- Original 2000 release cover

Greatest hits album by Talk Talk
- Released: 4 September 2000
- Genre: Synthpop; art rock;
- Label: EMI; Disky;
- Producer: Tim Friese-Greene; Colin Thurston;

Talk Talk chronology
| 12x12 Original Remixes (1999) | The Collection (2000) | Missing Pieces (2001) |

= The Collection (Talk Talk album) =

The Collection is a greatest hits album by English band Talk Talk, released on 4 September 2000. The album has been re-released various times. Originally released as "Talk Talk - The Collection", further versions of the album with the same track listing includes the repackaging of The Collection (1 December 2003), It's My Life: The Collection (2000), Popstars Of The 20th Century (2004) and The UltraSelection (2005).

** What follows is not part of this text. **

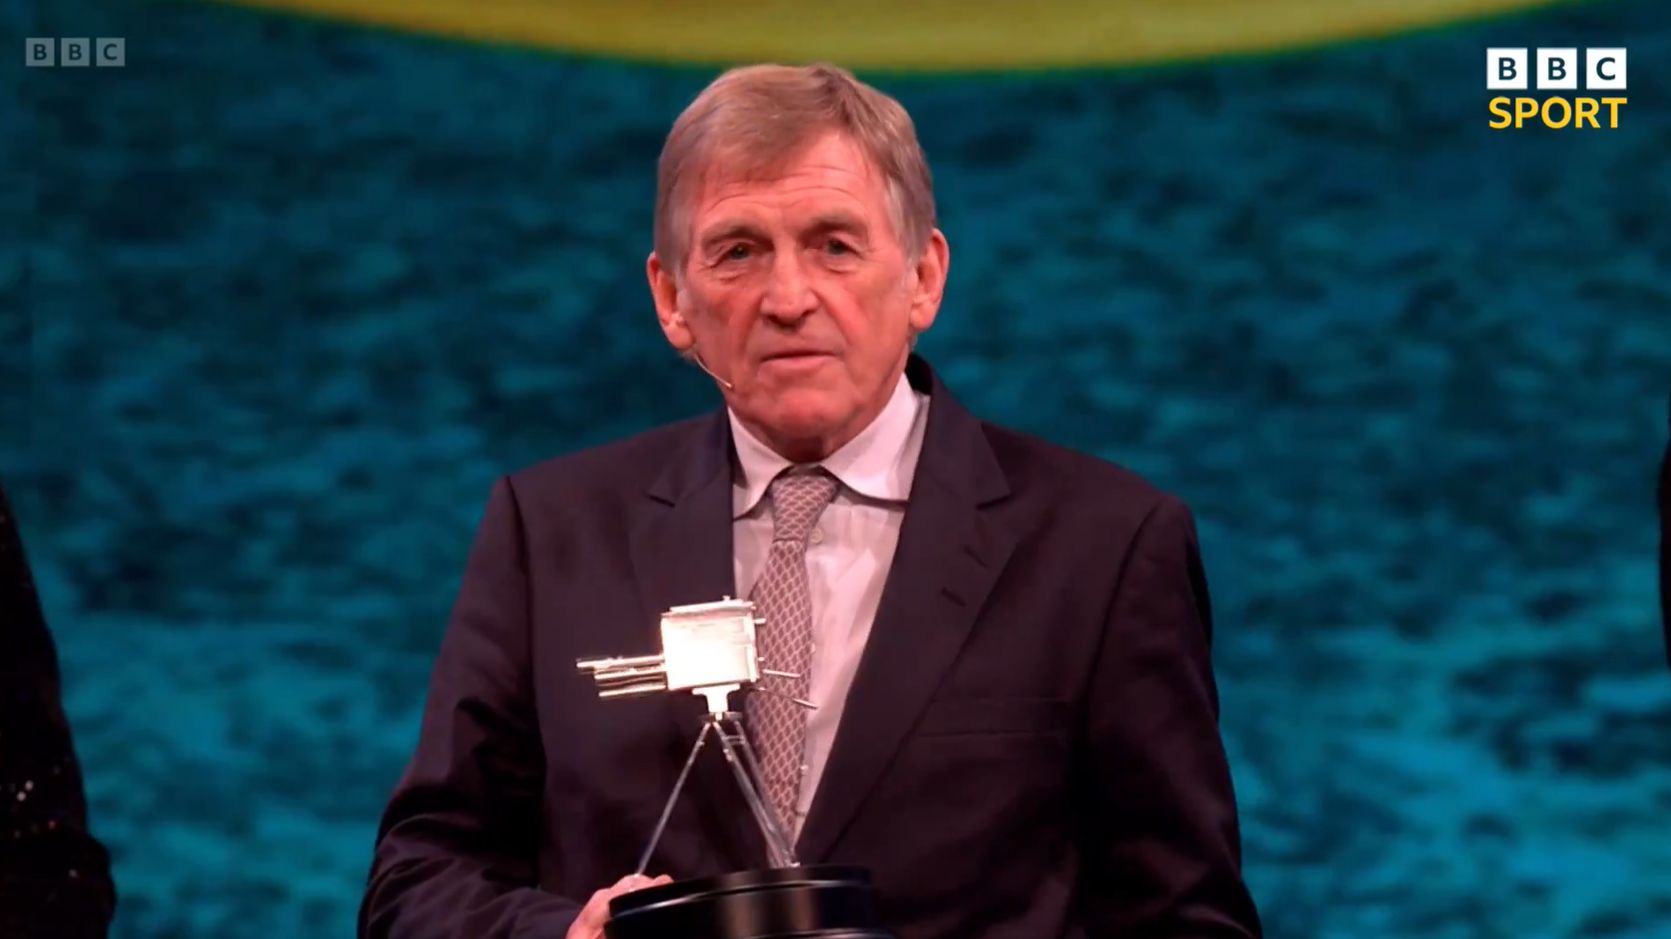 Sir Kenny Dalglish receives the Lifetime Achievement Award at the 2023 BBC Sports Personality of the Year ceremony

As with all of the band's EMI compilations until 2013, the album was not a band sanctioned release.

== Track listing ==
1. "Talk Talk"
2. "It's My Life"
3. "Without You"
4. "Strike Up the Band"
5. "Life's What You Make It"
6. "It's Getting Late in the Evening"
7. "Pictures of Bernadette"
8. "Happiness Is Easy"
9. "The Last Time"
10. "I Don't Believe in You"
11. "It's You"
12. "Talk Talk" (demo)
13. "It's So Serious"
14. "The Party's Over"
15. "Dum Dum Girl"
16. "Candy"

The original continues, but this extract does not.